To find a formula for the nth term of the sequence \(50, -10, 2\), we first observe the pattern.
Let's denote the sequence as \(a_n\), where:
- \(a_1 = 50\)
- \(a_2 = -10\)
- \(a_3 = 2\)
Next, we analyze the differences between consecutive terms:
- \(a_2 - a_1 = -10 - 50 = -60\)
- \(a_3 - a_2 = 2 - (-10) = 2 + 10 = 12\)
The differences are:
- From \(50\) to \(-10\) is \(-60\)
- From \(-10\) to \(2\) is \(12\)
Now, let's look for a potential pattern or function. It appears that the numbers are alternating in behavior and magnitude. A quadratic function could potentially represent this sequence.
Let's assume the general term is of the form: \[ a_n = An^2 + Bn + C \]
Using the known values:
- For \(n = 1\): \(A(1^2) + B(1) + C = 50\) → \(A + B + C = 50\)
- For \(n = 2\): \(A(2^2) + B(2) + C = -10\) → \(4A + 2B + C = -10\)
- For \(n = 3\): \(A(3^2) + B(3) + C = 2\) → \(9A + 3B + C = 2\)

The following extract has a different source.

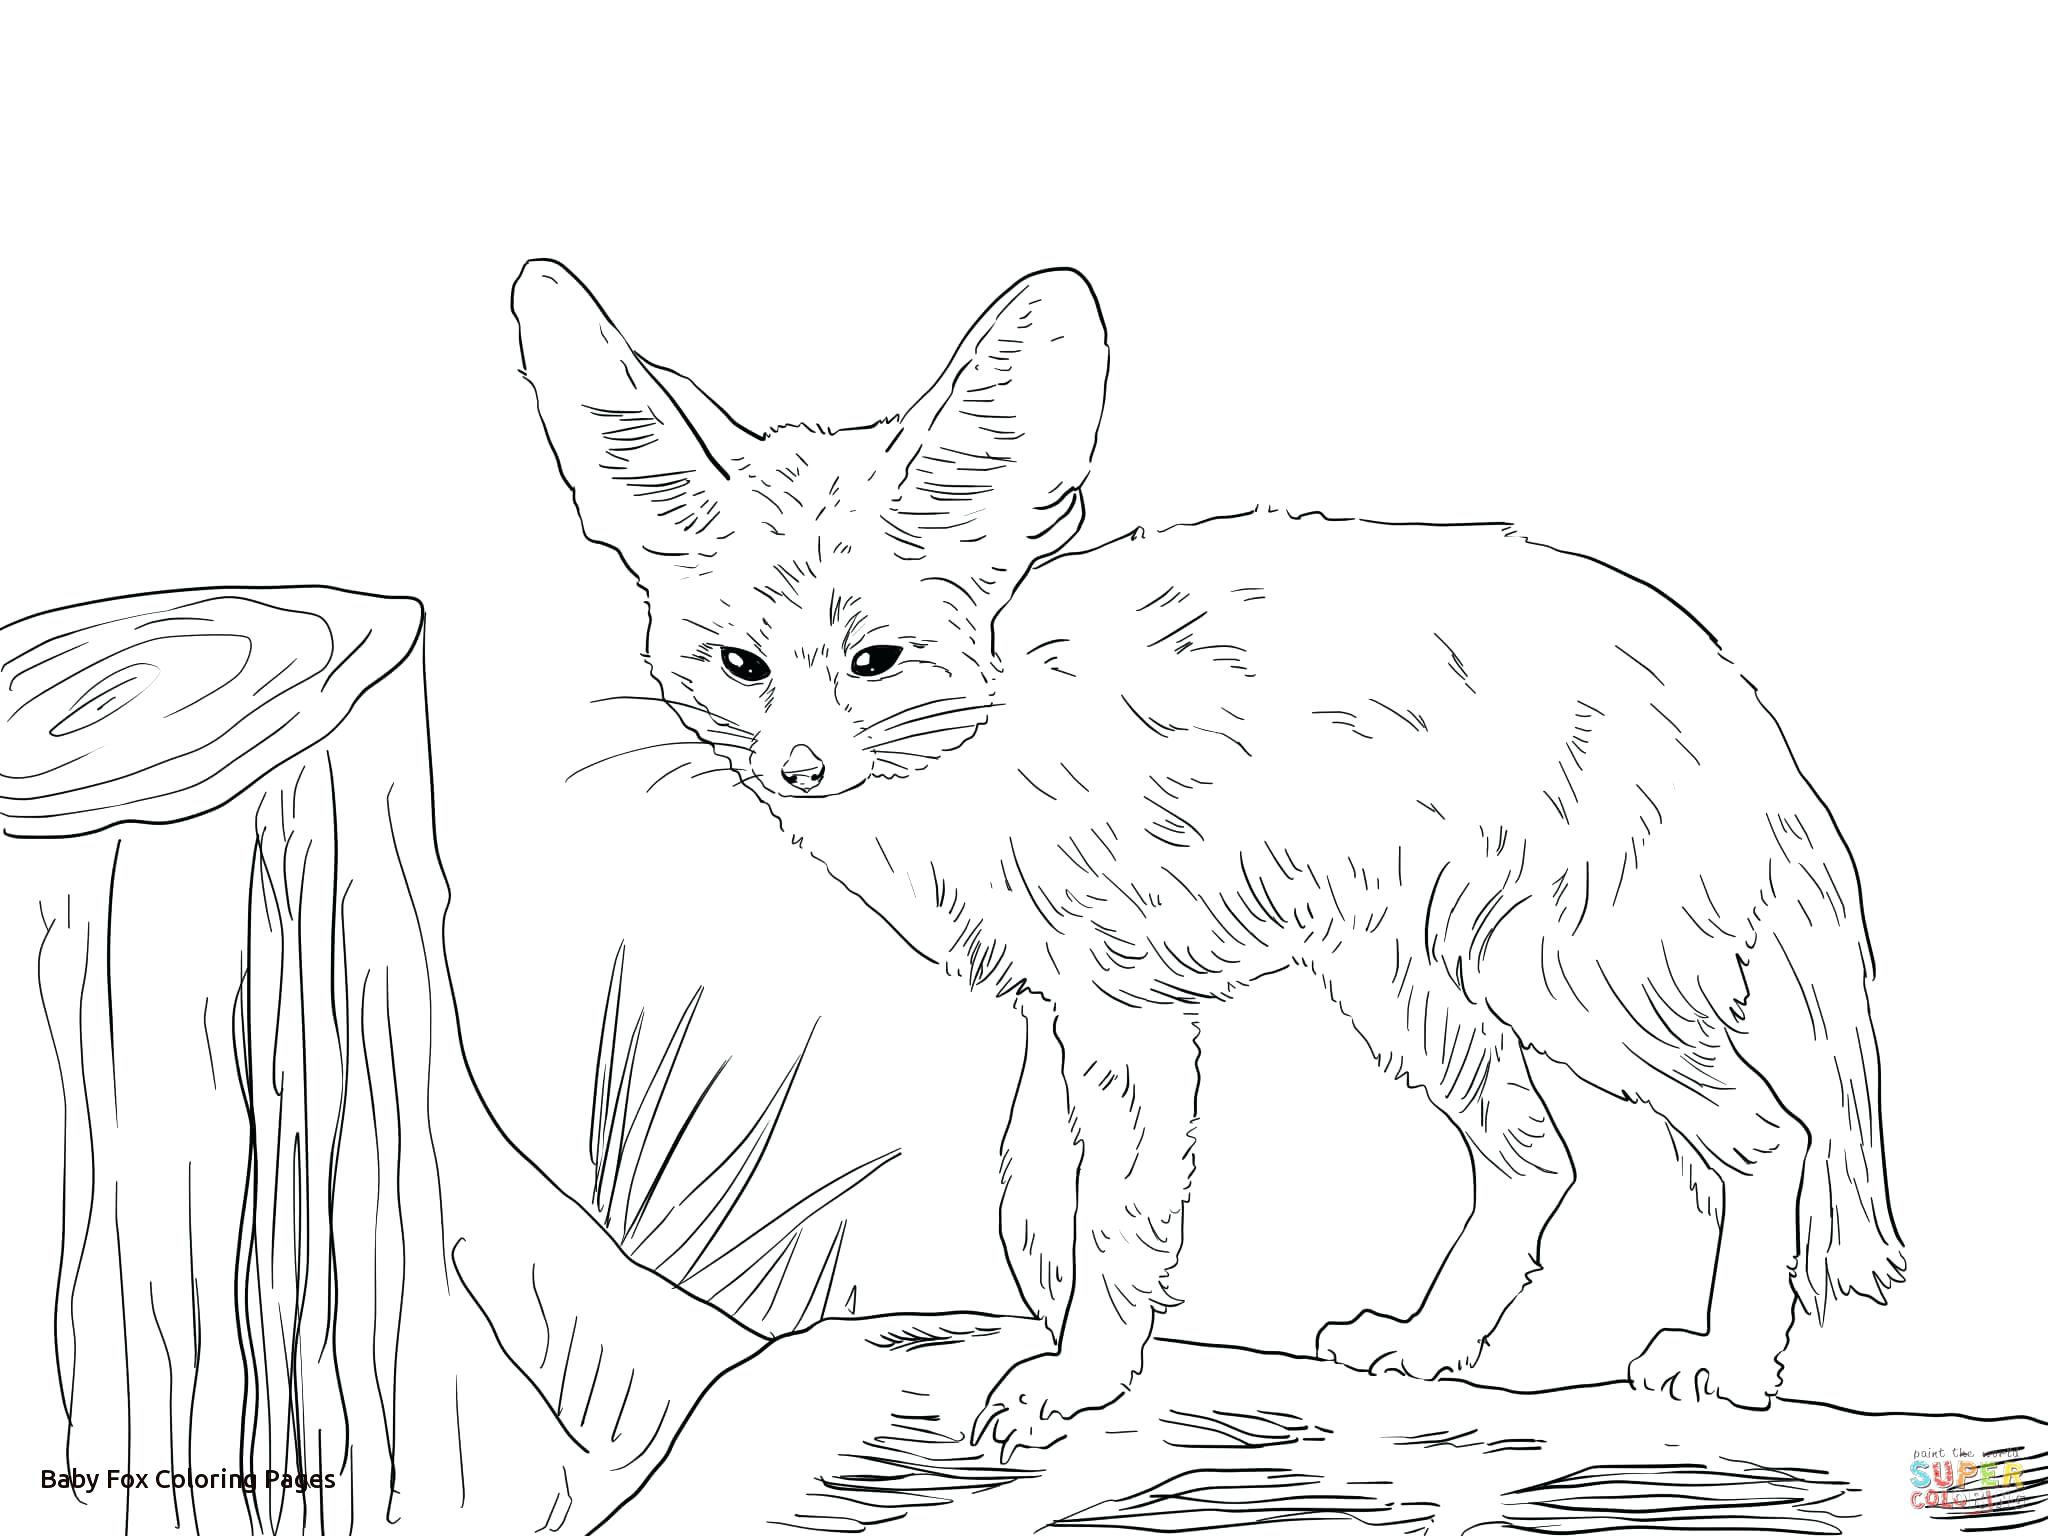 Baby Fox Coloring Pages at GetColorings.com | Free printable colorings

Now solving the system of equations:
- \(A + B + C = 50\) (Equation 1)
- \(4A + 2B + C = -10\) (Equation 2)
- \(9A + 3B + C = 2\) (Equation 3)
Let's subtract Equation 1 from Equation 2: \[ (4A + 2B + C) - (A + B + C) = -10 - 50 \] \[ 3A + B = -60 \quad \text{(Equation 4)} \]
Now subtract Equation 2 from Equation 3: \[ (9A + 3B + C) - (4A + 2B + C) = 2 - (-10) \] \[ 5A + B = 12 \quad \text{(Equation 5)} \]
Now, we can eliminate \(B\) by subtracting Equation 4 from Equation 5: \[ (5A + B) - (3A + B) = 12 + 60 \] \[ 2A = 72 \implies A = 36 \]
Now substitute \(A = 36\) back into Equation 4: \[ 3(36) + B = -60 \] \[ 108 + B = -60 \implies B = -168 \]
Now substitute \(A\) and \(B\) back into Equation 1: \[ 36 - 168 + C = 50 \] \[ C = 50 + 168 - 36 = 182 \]
Now we have \(A\), \(B\), and \(C\):
- \(A = 36\)
- \(B = -168\)
- \(C = 182\)
Thus, the formula for the nth term of the sequence is: \[ a_n = 36n^2 - 168n + 182 \]
You can verify this formula with \(n=1\), \(n=2\), and \(n=3\):
- For \(n=1\): \(36(1^2) - 168(1) + 182 = 36 - 168 + 182 = 50\)
- For \(n=2\): \(36(2^2) - 168(2) + 182 = 144 - 336 + 182 = -10\)
- For \(n=3\): \(36(3^2) - 168(3) + 182 = 324 - 504 + 182 = 2\)
Thus, the nth term of the sequence is \(a_n = 36n^2 - 168n + 182\).